Slashdot Mirror


Factual 'Big Mac' Results

danigiri writes "Finally Varadarajan has put some hard facts on the speed of the VT 'Big Mac' G5 cluster. Undoubtedly after some weeks of tuning and optimization, the home-brewn supercluster is happily rolling around at 9.555 TFlops in LINPACK. The revelations were made by the parallel computing voodoo master himself at the O'Reilly Mac OS X conference. It seems they are expecting and additional 10% speed boost after some more tweaking. Srinidhi received standing ovations from the audience. Wired news is also running a cool news piece on it. Lots of juicy technical and cost details not revealed before. Myth dispelling redux: yes, VT paid full price, yes, it's running Mac OS X Jaguar (soon Panther), yes, errors in RAM are accounted for, Varadarajan was not an Apple fanboy in the least... read the articles for more booze."

8 of 566 comments (clear)

  1. Full Price? WHY?!? by JonTurner · · Score: 5, Insightful

    >>yes, VT paid full price

    This is disgraceful! Hundreds of Macs on one purchase order, and they couldn't (or chose not to!) negotiate a deal? The Virginia taxpayers should be outraged! Good grief, if I bought 600 loaves of bread from the corner market, I'd expect a discount. Perhaps they were more interested in making the press than being good stewards of the public trust. After all, the college knows the taxpayers will have pay the bills, sooner or later.
    Shameful.

  2. Re:Too bad some software patents will be filed by norkakn · · Score: 5, Insightful

    It isn't their fault.. I hear a long story on NPR about it a while ago. Universities tried to stay out of the patent game, but companies would take their research and patent it and then charge the university to use it.. researchers having to pay to use their own findings.

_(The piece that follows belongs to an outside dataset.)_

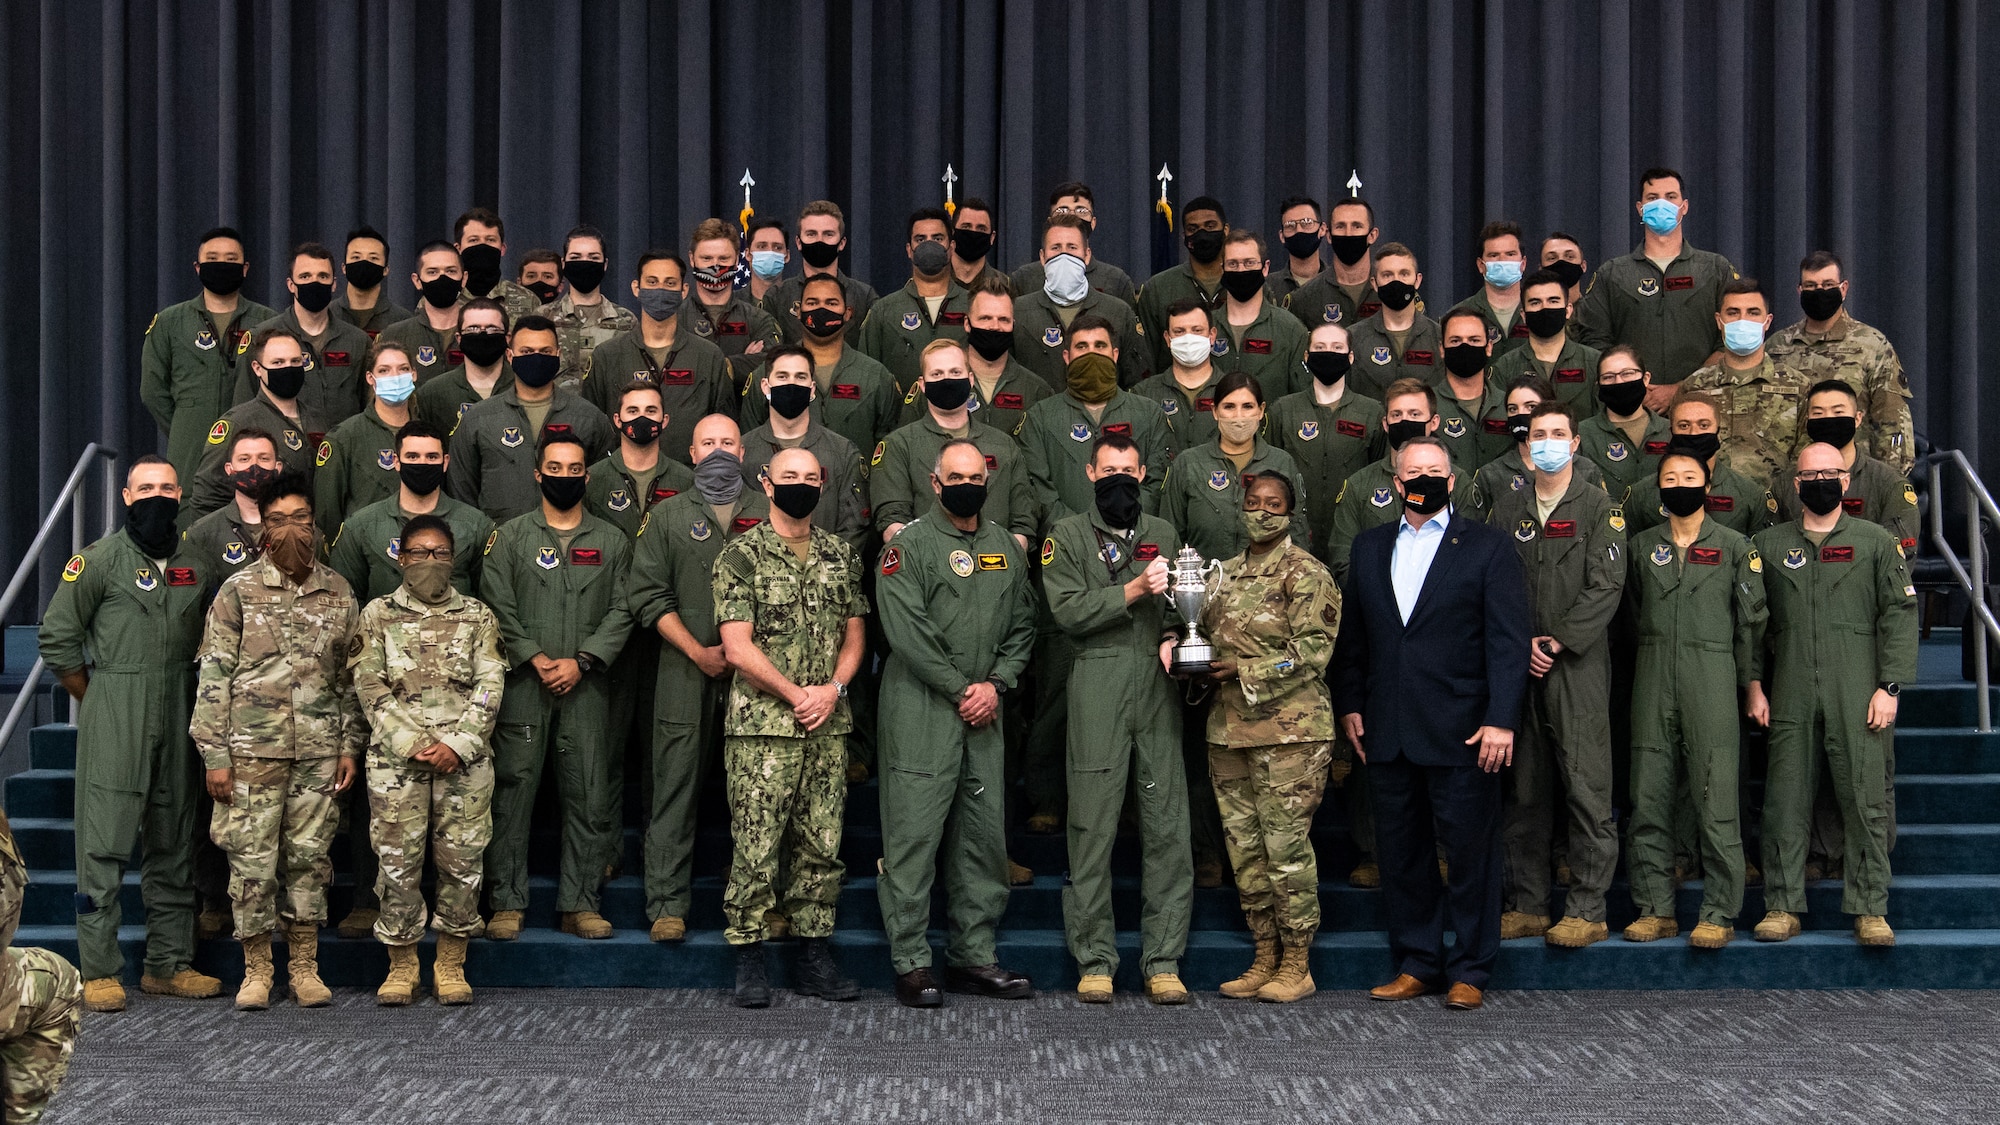 Leaders from U.S. Strategic Command, Strategic Command Consultation Committee and Airmen from the 96th Bomb Squadron pose for a photo with the Omaha Trophy at Barksdale Air Force Base, Louisiana, March 30, 2021. The Omaha Trophy is awarded each year to various units in recognition of outstanding support to USSTRATCOM's strategic deterrence mission. (U.S. Air Force photo by Airman 1st Class Jacob B. Wrightsman)
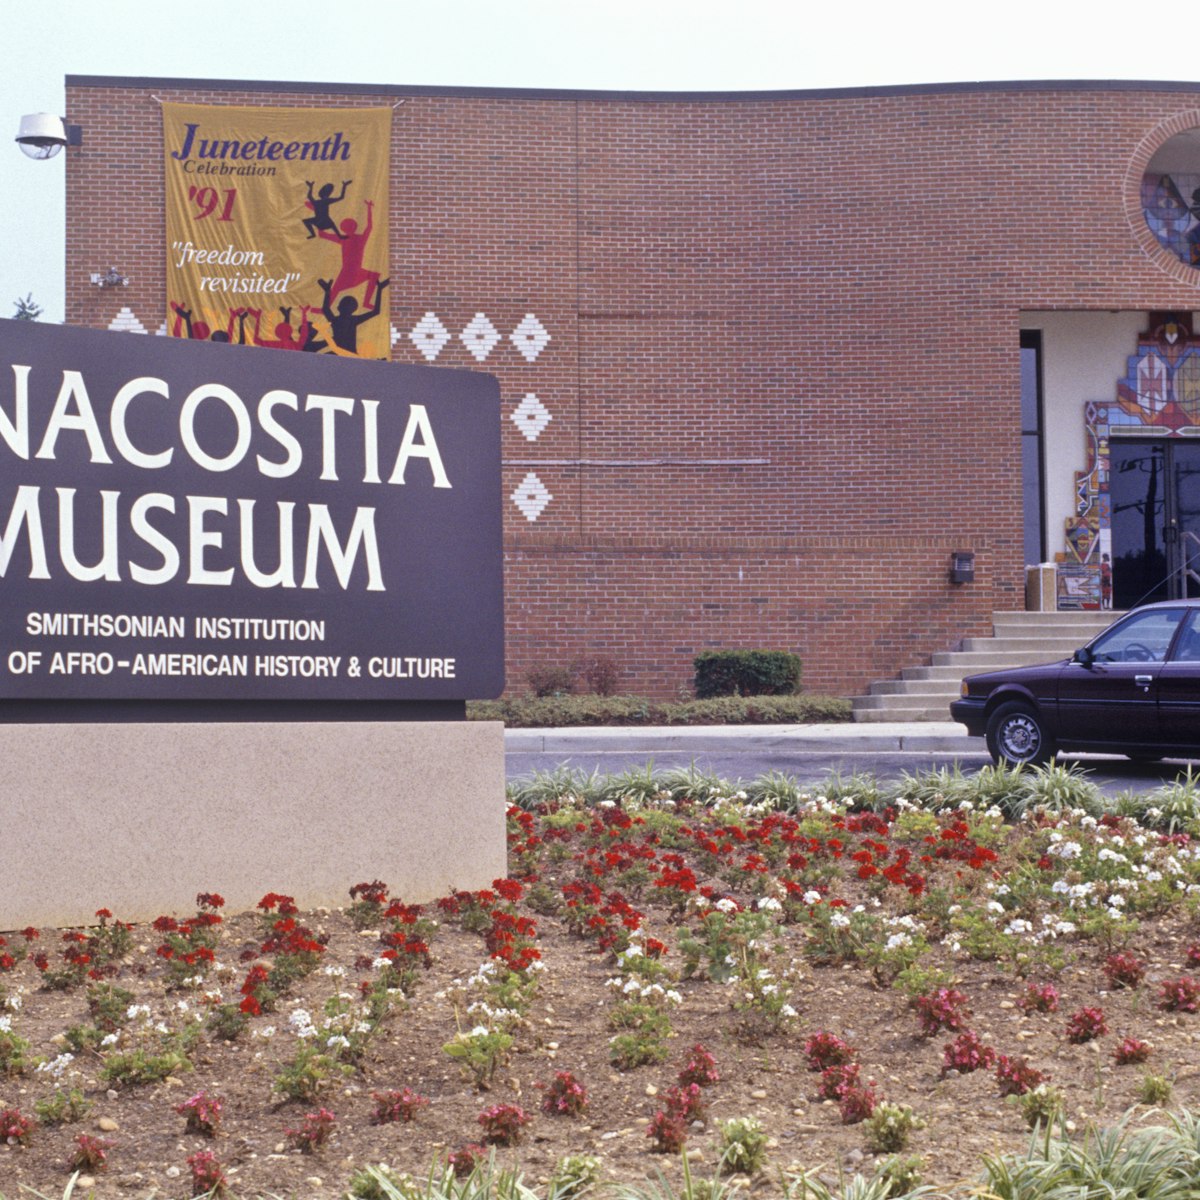 Anacostia Museum, museum of Afro-American history and culture, Smithsonian Institution, Washington, DC; Shutterstock ID 257274409; Your name (First / Last): Josh Vogel; Project no. or GL code: 56530; Network activity no. or Cost Centre: Online-Design; Product or Project: 65050/7529/Josh Vogel/LP.com Destination Galleries

    The patent system needs to be overhauled, then maybe we can start opening up the Universities again (and give them some more funding too!)

  3. Full price? by Aqua+OS+X · · Score: 4, Insightful

    Wow.. I can't believe Apple didn't cut them a break for buying 1100 Dual G5s.

    You'd think apple would at least sell G5's to VT without SuperDrives and Radeon 9600s. I seriously doubt those things (especially the video cards) will get a lot of use in a giant cluster.

    But, hey, even with all that pointless extra hardware, this cluster is still less then half the price of a comparable intel system from Dell or IBM. Weird.

    --
    "Things are more moderner than before- bigger, and yet smaller- it's computers-- San Dimas High School football RULES!"
  4. Re:interesting points by davidstrauss · · Score: 4, Insightful

    Itanium is a poor architecture. This isn't just my opinion, it's the opinion of the professor here at UT Austin working on the multi-core lightweight processor (a.k.a. TRIPS) that IBM will hopefully be fabbing soon. Seeing a cost comparison with the Athlon64/Opteron would be more enlightening. Also consider that it would be almost impossible to buy Itanium or any other "enterprise" system without all the redundant hardware (ECC RAM, etc.) for which the G5 cluster compensates in software.

  5. Optimize Thit Optimize That by Uosdwis · · Score: 4, Insightful

    Okay for everyone asking about optimizations, why do it?

    Look at what they built: a complete COTS supercomputer, miniscule price, functionality in six months, public data in a year. They have >9Tf right outta the box.

    Yes they have written their own software, but name a company that doesn't? They modded them (cooling I think, but I couldn't find data only pics.) They bribed students with pizza and soda, they didn't have to buy, make or gut a building. What is amazing is they showed that any simple slashdot pundit could build one if given these resources.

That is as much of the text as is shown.